180 Besucher bei der Diskussion zum Festspielhaus am 2. Dezember 2014 im Geographischen Institut der Uni Bonn

Beethoven Halle vom anderen Rheinufer aufgenommen

Foto: „Carsten aus Bonn“, Lizenz: https://creativecommons.org/licenses/by-nd/2.0/

180 Besucherinnen und Besuchern haben bei der Podiumsdiskussion zum Bonner Festspielhaus am 2. Dezember 2014 engagiert diskutiert. Im Rahmen des 41. Städtebaulichen Seminars ging es um die weitere Entwicklung des Projektes.

Die Kenner und Unterstützer des Projektes auf dem Podium:

  • Dr. Stephan Eisel, Vorstandsvorsitzender Bürger für Beethoven e.V.
  • Heiner Küpper, Berater des Projektleiters für das Festspielhaus der Deutsche Post DHL
  • Prof. Sigurd Trommer, ehem. Präsident der Bundesarchitektenkammer, Mitglied der Jury für das Festspielhaus
  • Wolfgang Grießl, Präsident IHK und Vorsitzender Beethoven Festspielhaus Förderverein e.V.

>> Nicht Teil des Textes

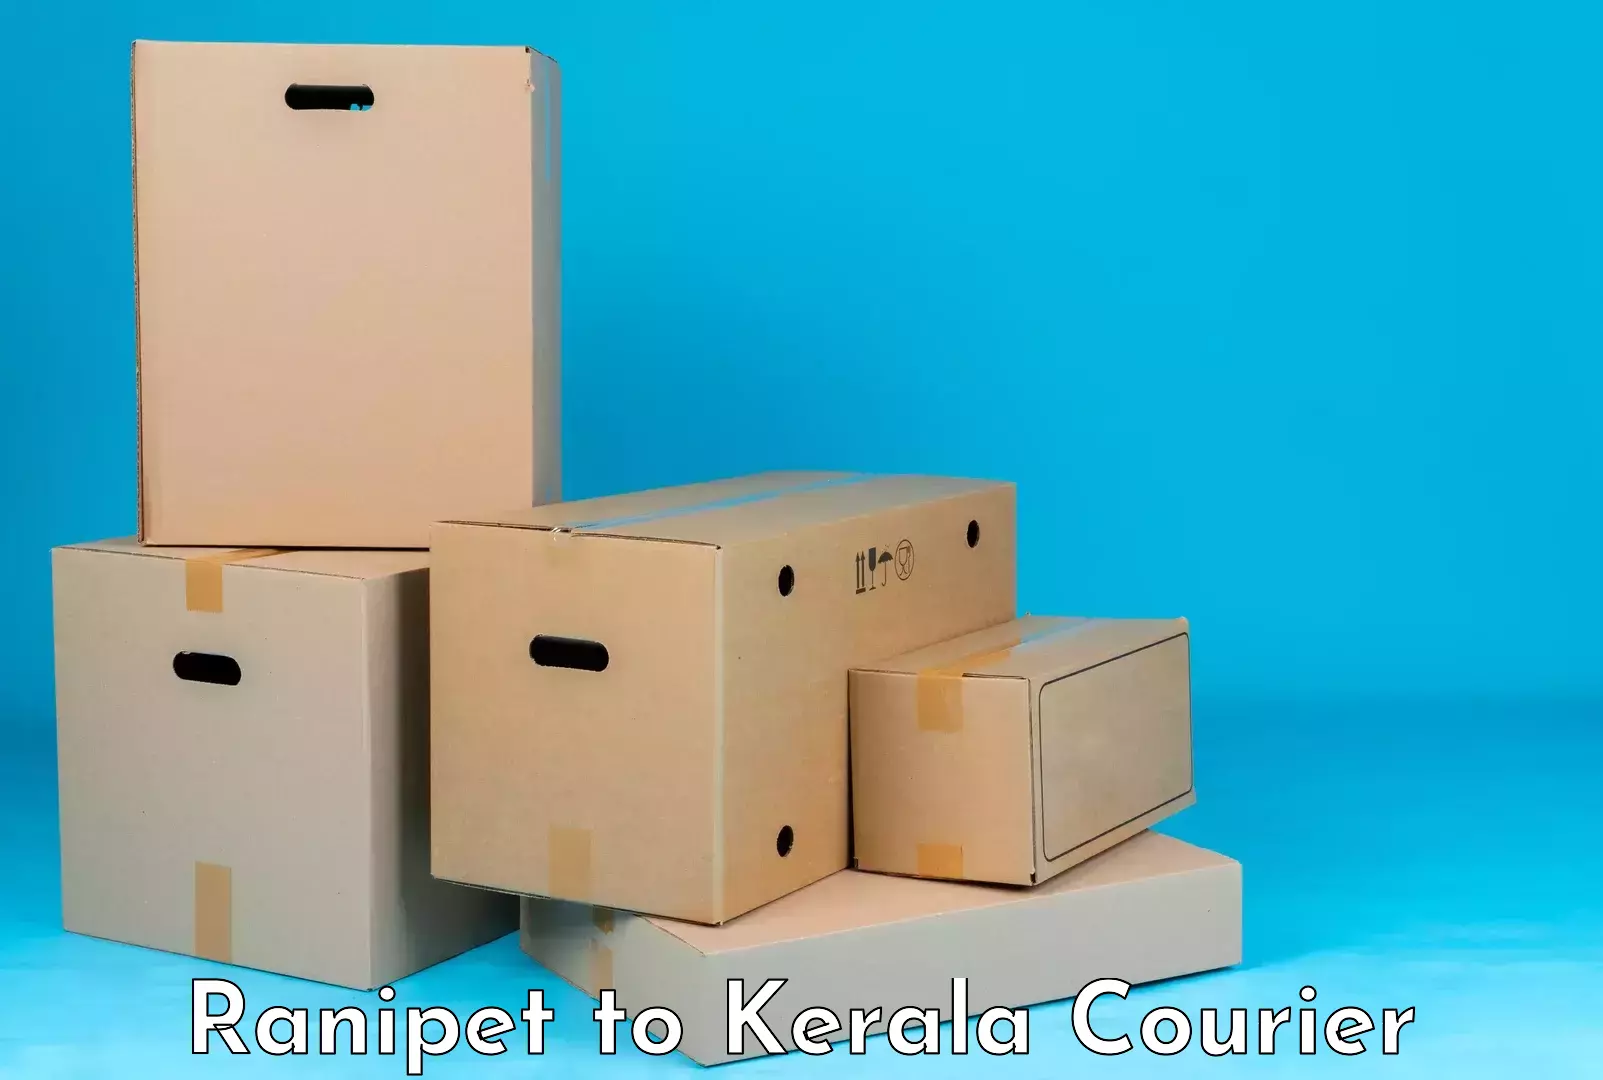 Luggage transport company Ranipet to Kerala

erläuterten auf die Frage von Michael Lobeck, Berater und Moderator in Stadtentwicklungsfragen, ihre Motivation, sich für das ambitionierte Projekt einzusetzen.

„Es handelt sich in erster Linie um ein Wirtschaftsförderungsprojekt und erst in zweiter Linie um ein Projekt der Kultur.“ war die übereinstimmende Einschätzung aller vier Gesprächspartner.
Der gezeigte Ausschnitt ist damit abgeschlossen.